Resistive Random-Access Memory (ReRAM) is still an up-and-coming technology and comparable to Intel’s XPoint. It is currently under development by a number of companies and is a viable replacement for flash memory. The costs and performance of ReRAM are not currently at a level that makes the technology ready for the mass market. Developers of ReRAM technology all face similar challenges: overcoming temperature sensitivity, integrating with standard CMOS technology and manufacturing processes, and limiting the effects of sneak path currents, which would otherwise disrupt the stability of the data contained in each memory cell.

NVDIMM stands for “Nonvolatile Dual-Inline Memory Module.” The NVDIMM-P specification is being developed to support NAND flash directly on the host memory interface.  NVDIMMs use predictive software that allocates data in advance between DRAM and NAND.  NVDIMM-P is limited in that even though NAND flash is physically located at DIMM along with DRAM, the traditional memory hierarchy is still the same. The NAND implementation still works as a storage device and the DRAM implementation still works as main memory.

HP worked for years developing its Machine project.  Their effort revolved around memory-driven computing and an architecture aimed at big data workloads, and their goal was eliminating inefficiencies in how memory, storage, and processors interact.  While the project appears to now be dead, the technologies they developed will live on in current and future HP products. Here’s what we’ll likely see out of their research:

  • Now: ProLiant boxes with persistent memory for applications to use, using a mix of DRAM and flash.
  • Next year: Improved DRAM-based persistent memory.
  • Two-three years: True non-volatile memory (NVM) for software to use as slow but high volume RAM.
  • Three-Four years: NVM technology across many product categories.

SCM Use Cases

I think SCM’s possibly most exciting use case for high performance computing will be its use as nonvolatile memory that is tightly coupled to an application. SCM has the potential to dramatically affect the storage landscape in high performance computing, and application and storage developers will have fantastic opportunities to take advantage of this unique new technology.

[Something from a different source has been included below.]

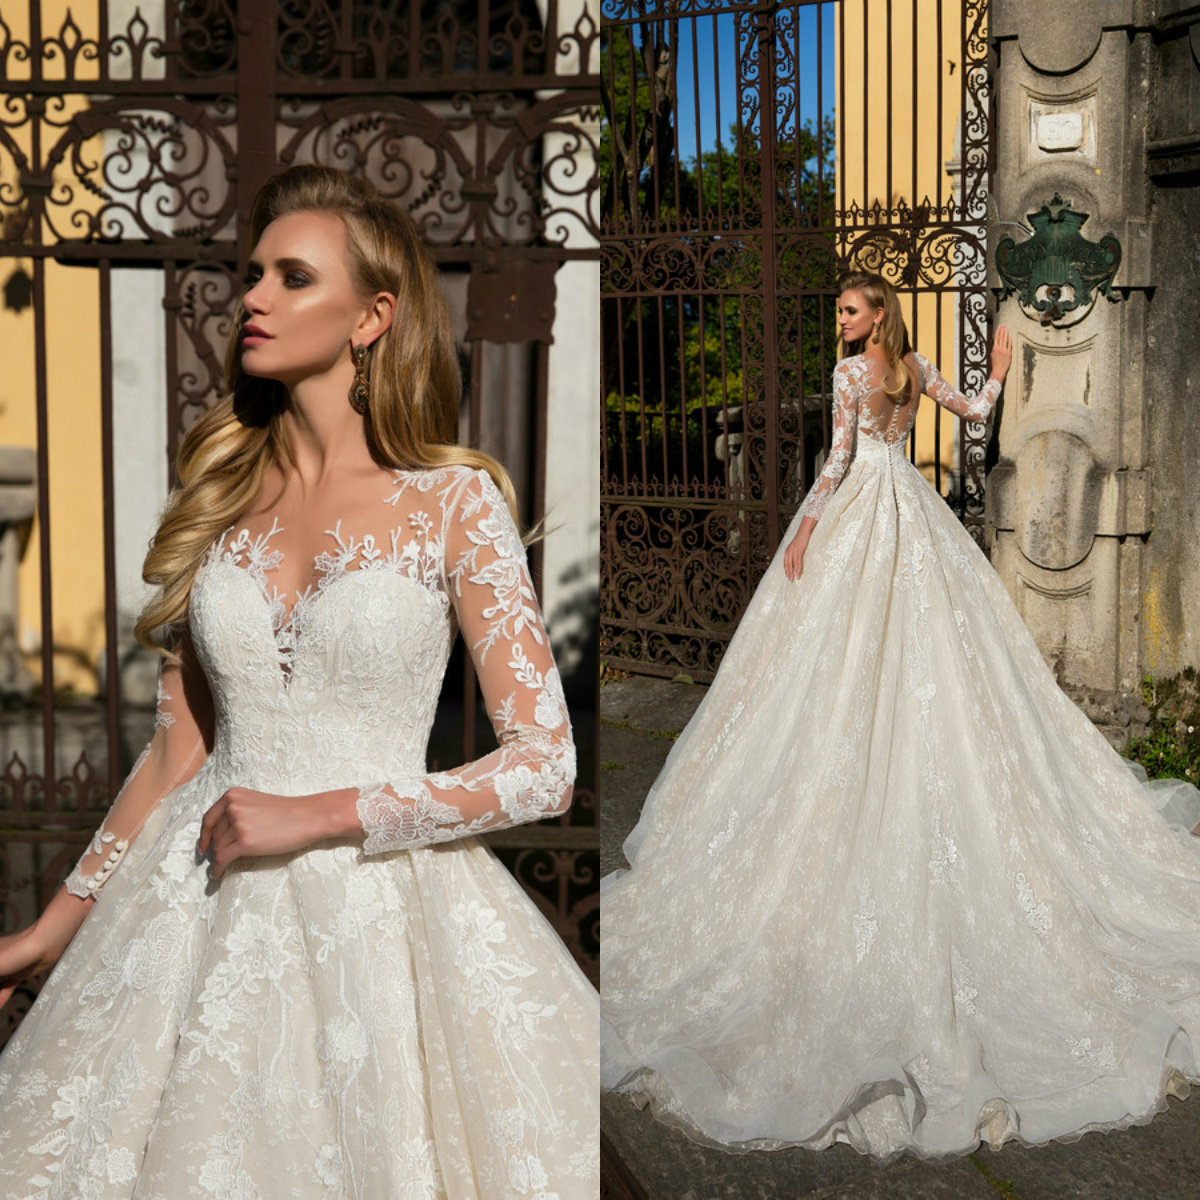 

2020 Bohemian Wedding Dresses Scoop Neck Appliqued Long Sleeves Lace Bridal Gowns Ruffle Sweep Train Custom Made Robes De Mariée, Same as image

Intel touts fast storage, cache, and extended memory as the primary use cases for their Optane product line.  Fast storage or cache refers to the tiering and layering which enable a better memory-to-storage hierarchy. The Optane product provides a new storage tier that breaks through the bottlenecks of traditional NAND storage to accelerate applications, and enable more work to get done per server. Intel’s extended memory use case describes the use of an Optane SSD to participate in a shared memory pool with DRAM at either the OS or application level enabling bigger memory or more affordable memory.

What the next generation of SCM will require is the industry coming together to agree on what we are all talking about and generate some standards.  Those standards will be critical to support innovation. Industry experts seem to be saying that the adoption of SCM will evolve around use cases and workloads, and task-specific, engineered machines that are built with real-time analytics in mind.  We’ll see what happens.

No matter what, new NVMe-based products coming out will definitely do a lot toward enabling fast data processing at a large scale, especially solutions that support the new NVMe-oF specification. SCM combined with software-defined storage controllers and NVMe-oF will enable users to pool flash storage drives and treat them as if they are one big local flash drive. Exciting indeed.

SCM may not turn out to be a panacea, and current NVMe flash storage systems will provide enough speed and bandwidth to handle the even the most demanding compute requirements for the foreseeable future.  I’m looking forward to seeing where this technology takes us.